Bash in Python made easy

When I need to run bash commands or isis3 programs within a python script I turn to a neat library called sh to make my life easier and to avoid directly using the subprocess module myself. Go check it out, I also found a few other similar projects that exist and will list them below with sh.

https://plumbum.readthedocs.io/en/latest/index.html

https://amoffat.github.io/sh/

3 Likes

I find also sh incredibly useful. The standard option subprocess isn’t bad, but need a lot more boilerplate to work with and less intuitive.
Should we add some basic example comparison between the proposed solution?
Something on the line “how can I list all the file in current directory with ls -l” ?

1 Like

Yeah we could, I provided a link to the documentation that has simple examples like that but it depends on the format intended for the forum, alternatively a medium post could be made

I thought something a lá stackoverflow, with only a minimal working example, could be helpful for the reader looking for a taste of your suggestion. More that than would be hard to maintain.
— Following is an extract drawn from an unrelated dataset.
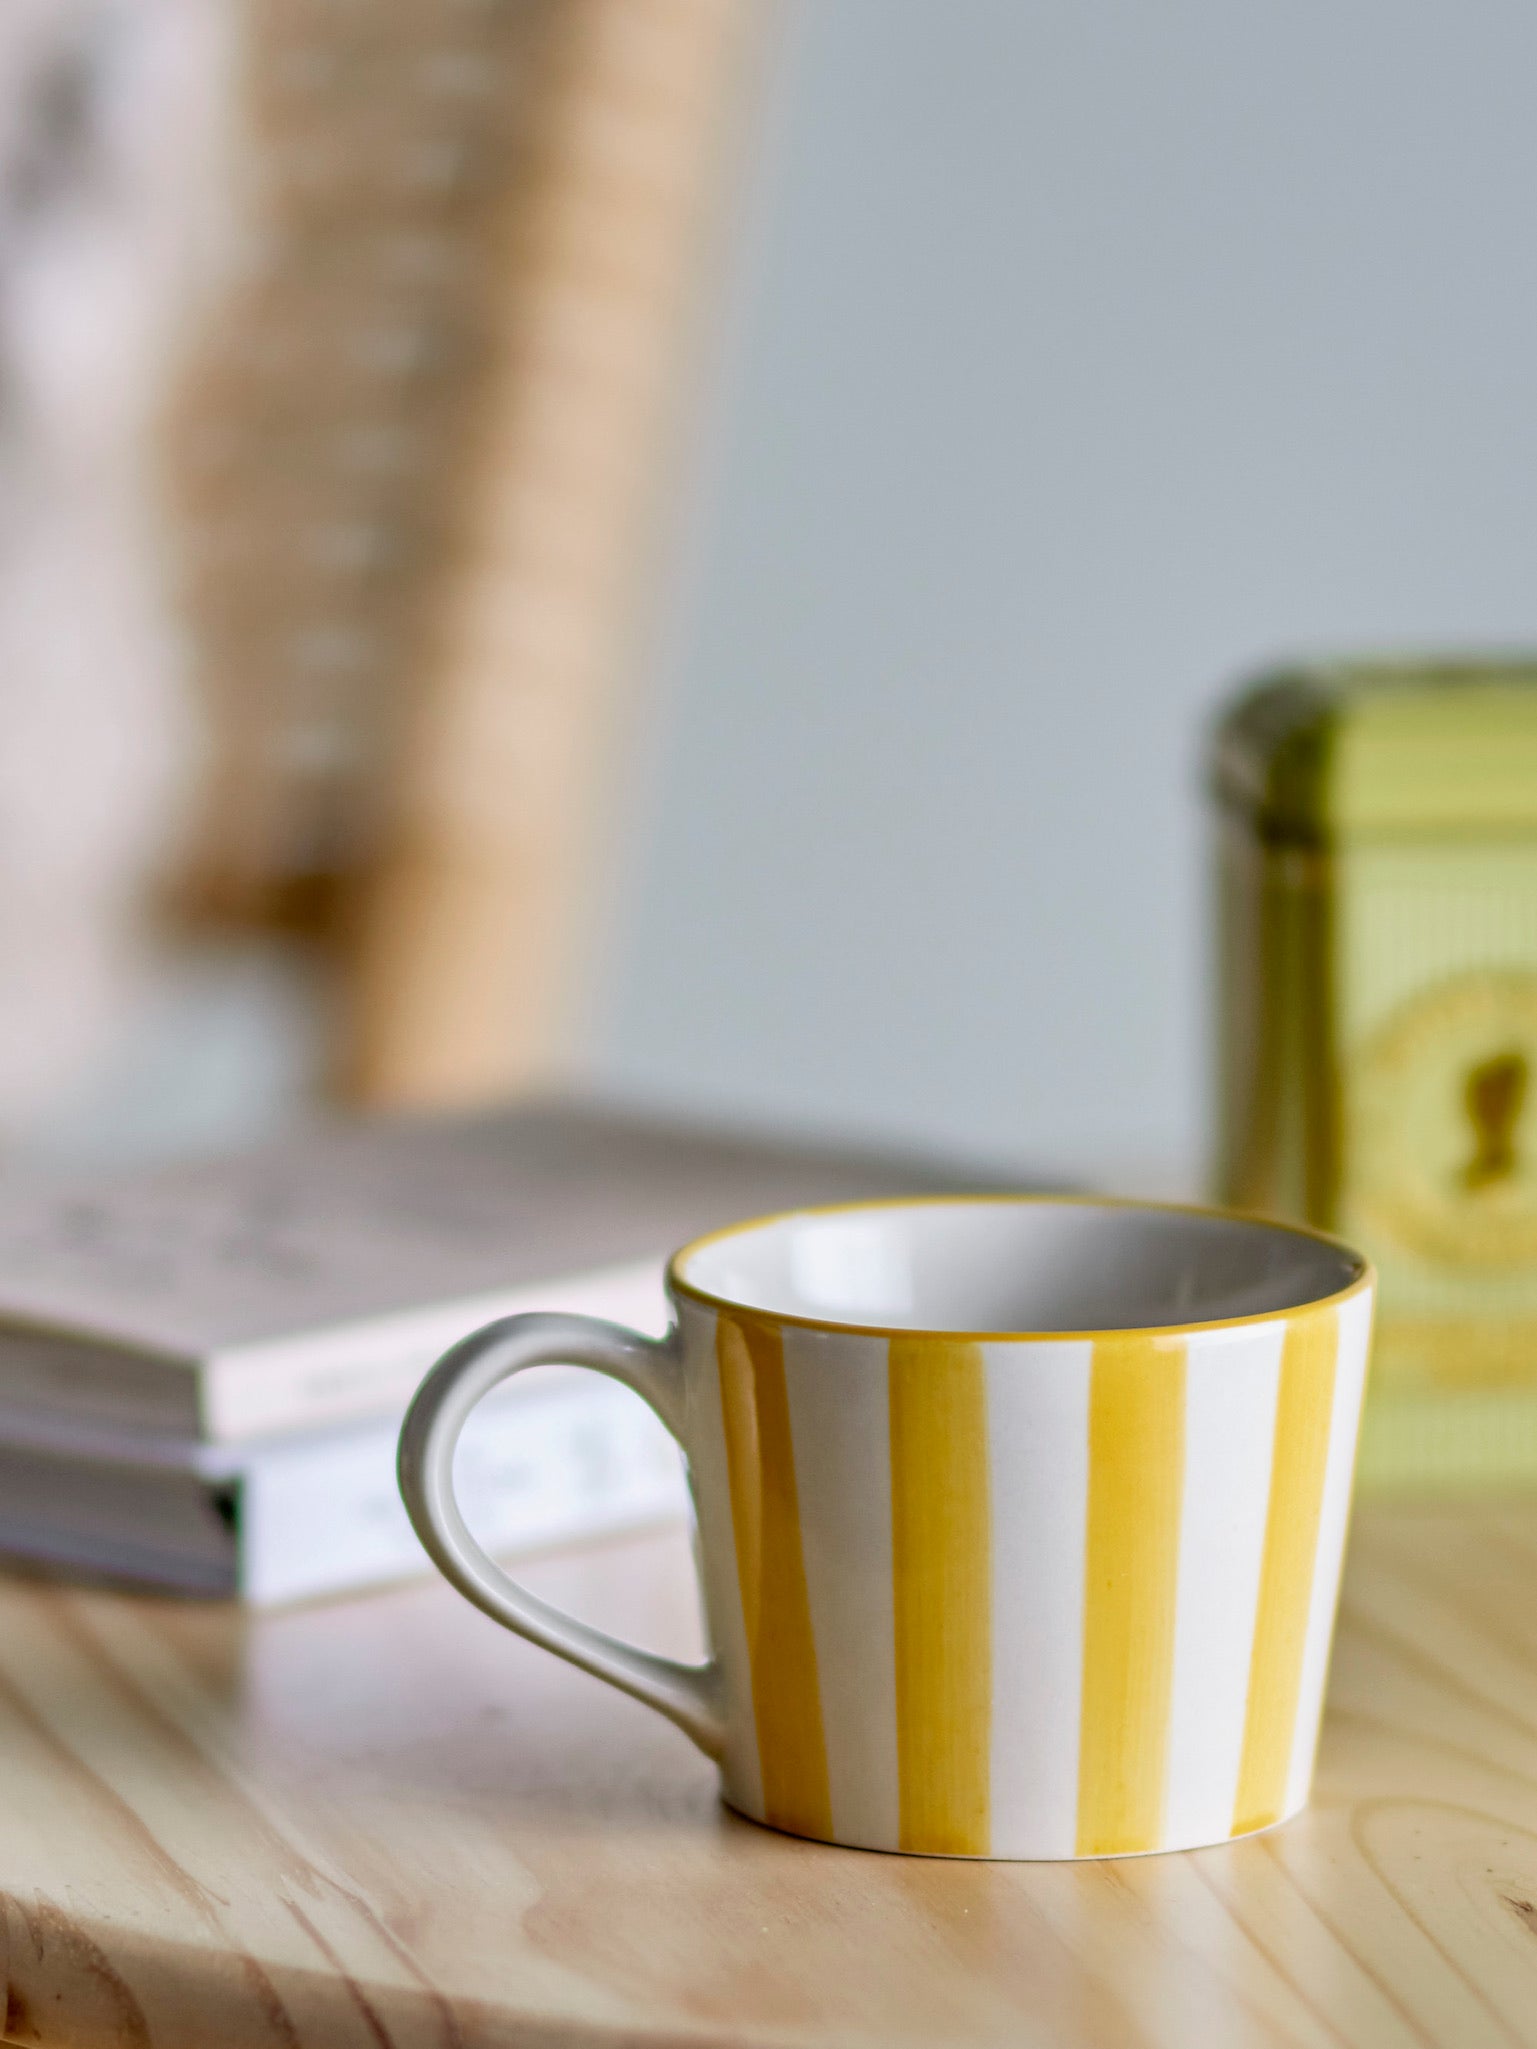 The Every Space stoneware Begonia Mug handpainted with yellow stripes by Bloomingville

Is there maybe a better example? Because ls -l really should be done with pathlib.Path('.').glob('*'); I know, it looks more work, but is actually safer for directories with several thousand entries, where ls will fail, but pathlib (based on os) doesn’t.

Thousand times YES for pathlib, I love it!! Mainly because I was using sys+os before :face_vomiting:

The point is to show a command simple enough to not get new user lost in understanding what the command should do in the first place and focus on the python+shell.
ls is well known and has a rich set of subcommand.

Do you have any other suggestion ? Maybe something that accept variable and not only options would be nice.

My idea is to have one command and list how you can use it in python with different solution, than we can always point the user to that page. Maybe a post here / wiki in github would / post on medium (that I hate more and more) would be useful.

How about “grep -l string” to get the list of files that contain “string”?

Nice one, grep is good , something like grep -f FILE -A 2 -B 2 -v -l string

This tool is super nice to explain shell commands explainshell.com - grep -f FILE -A 2 -B 2 -v -l string

Woah, how cool is that! Nice find!

Yes, this is also super nice to explain to people your command in presentation for example.